At-least-once delivery means your webhook handler WILL receive duplicates. This is not a bug — it is a design choice that prioritizes reliability over uniqueness. Always implement idempotency in your webhook consumers.

Retry Mechanisms in Detail

When a webhook delivery fails, the provider's retry system takes over. Here is how retry mechanisms work internally.

What Triggers a Retry

A delivery is considered failed when:

  • The connection times out (typically 5-30 second timeout)
  • DNS resolution fails
  • TLS handshake fails
  • The server returns a non-2xx status code (4xx or 5xx)
  • The connection is refused or reset

Note: a 410 Gone response typically tells the provider to disable the subscription entirely, not retry.

Exponential Backoff

Most providers use exponential backoff for retries, increasing the delay between attempts:

Attempt 1: Immediate (original delivery)
Attempt 2: 1 minute later
Attempt 3: 5 minutes later
Attempt 4: 30 minutes later
Attempt 5: 2 hours later
Attempt 6: 8 hours later
Attempt 7: 24 hours later

This pattern prevents overwhelming a recovering endpoint with a flood of retries. Some providers add random jitter to the backoff intervals to prevent thundering herd problems when many deliveries fail simultaneously.
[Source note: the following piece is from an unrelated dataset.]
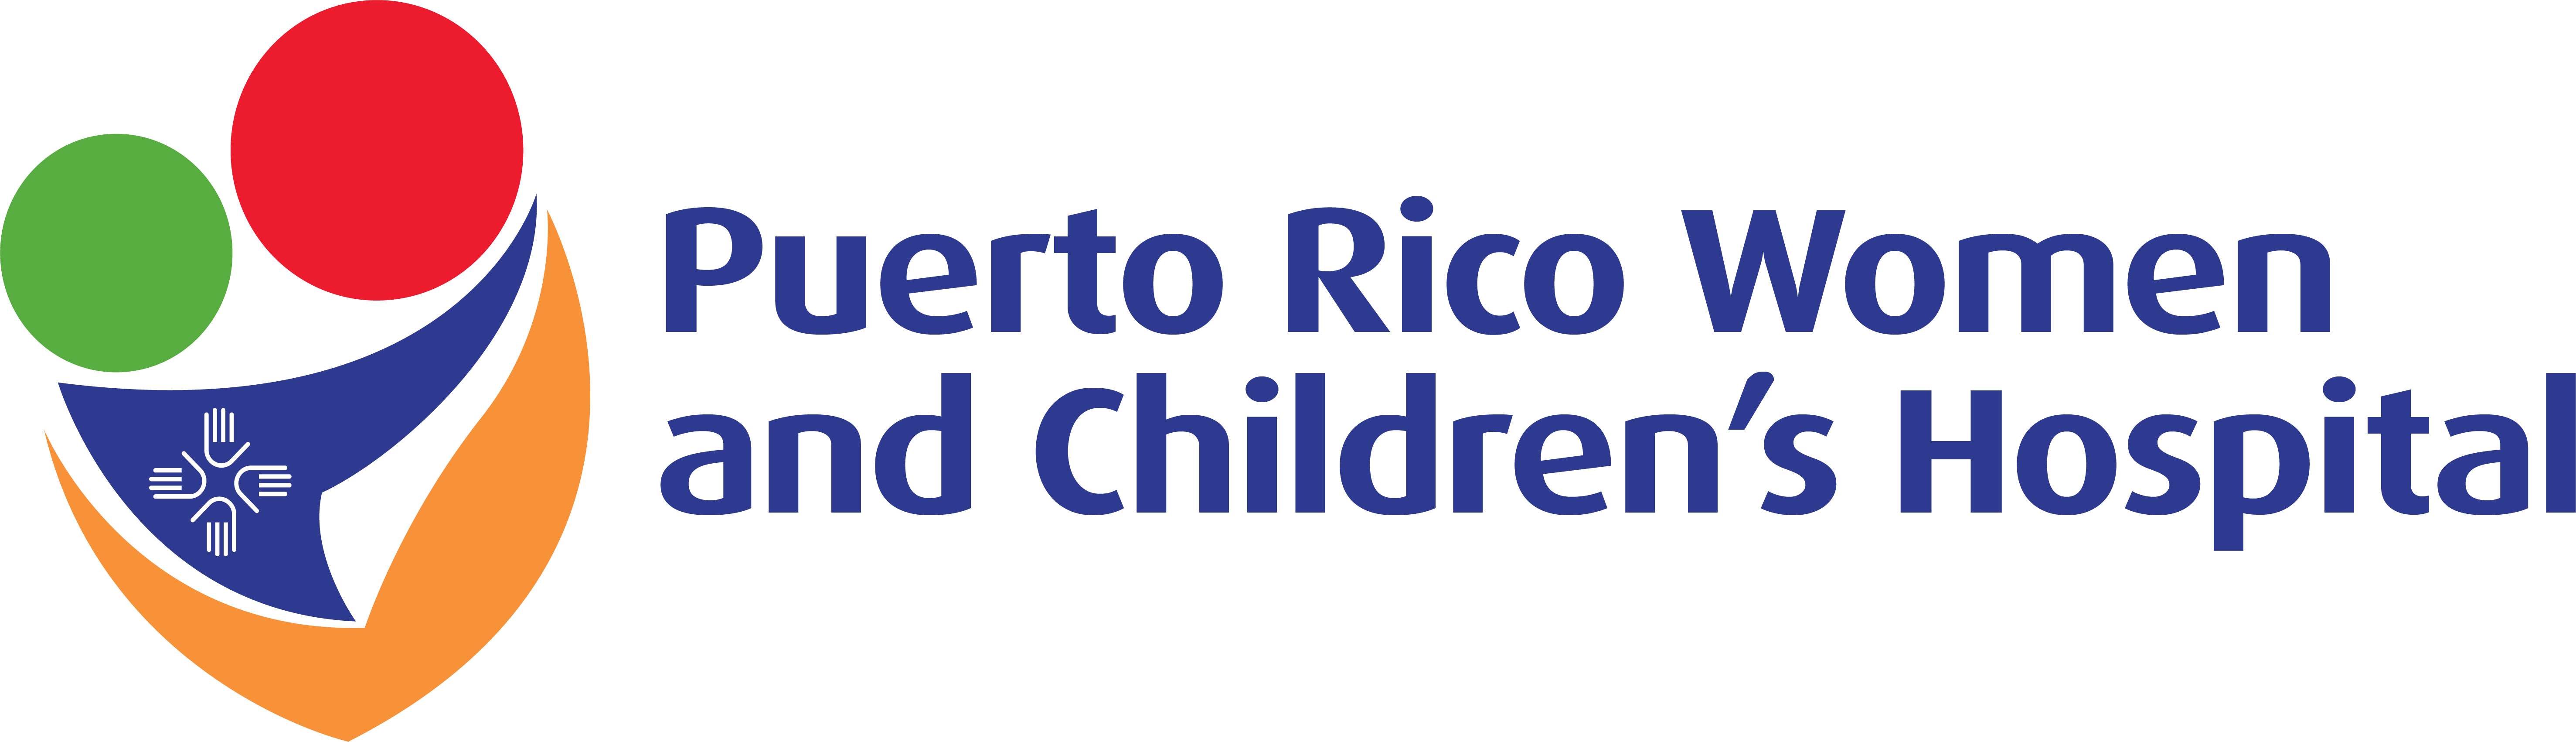 Puerto Rico Women and Children's Hospital

Retry Budget and Dead Letter Queues

After exhausting all retry attempts (typically over 24-72 hours), the provider must decide what to do with undeliverable events:

  • Dead Letter Queue (DLQ): The event is moved to a separate queue for manual inspection and replay. This is the most robust approach.
  • Drop and Alert: The event is discarded and the webhook subscription owner is notified. Some providers disable the subscription after too many failures.
  • API Recovery: Some providers (like Stripe) allow you to list missed events via API, enabling manual recovery.

Payload Construction

When a provider constructs a webhook payload, several decisions affect what you receive.

Event Envelope

Most providers wrap event data in an envelope that includes metadata:

{
  "id": "evt_1OqR3x2eZvKYlo2C",
  "type": "payment_intent.succeeded",
  "created": 1708523400,
  "api_version": "2026-01-15",
  "data": {
    "object": {
      "id": "pi_3OqR3x2eZvKYlo2C",
      "amount": 2000,
      "currency": "usd",
      "status": "succeeded"
    }
  }
}

The envelope provides:

  • Event ID — unique identifier for deduplication
  • Event type — what happened, for routing to the correct handler
  • Timestamp — when the event occurred
  • API version — which version of the data schema is being used
  • Data — the actual event payload

Thin vs Fat Payloads

Providers choose between two payload strategies:

Fat payloads include all event data directly in the webhook body. You have everything you need to process the event without making additional API calls:

{
  "event": "order.created",
  "data": {
    "id": "ord_123",
    "customer": { "id": "cus_456", "name": "Jane Doe", "email": "jane@example.com" },
    "items": [{ "name": "Widget", "quantity": 2, "price": 29.99 }],
    "total": 59.98,
    "shipping_address": { "street": "123 Main St", "city": "Springfield" }
  }
}

Thin payloads include only the event type and a reference ID. You must call the API to get the full data:

{
  "event": "order.created",
  "data": {
    "id": "ord_123"
  }
}

Fat payloads are more convenient but can contain stale data if the resource changed between the event firing and your processing. Thin payloads require an extra API call but always give you the current state. See webhook payload formats for more details on parsing different formats.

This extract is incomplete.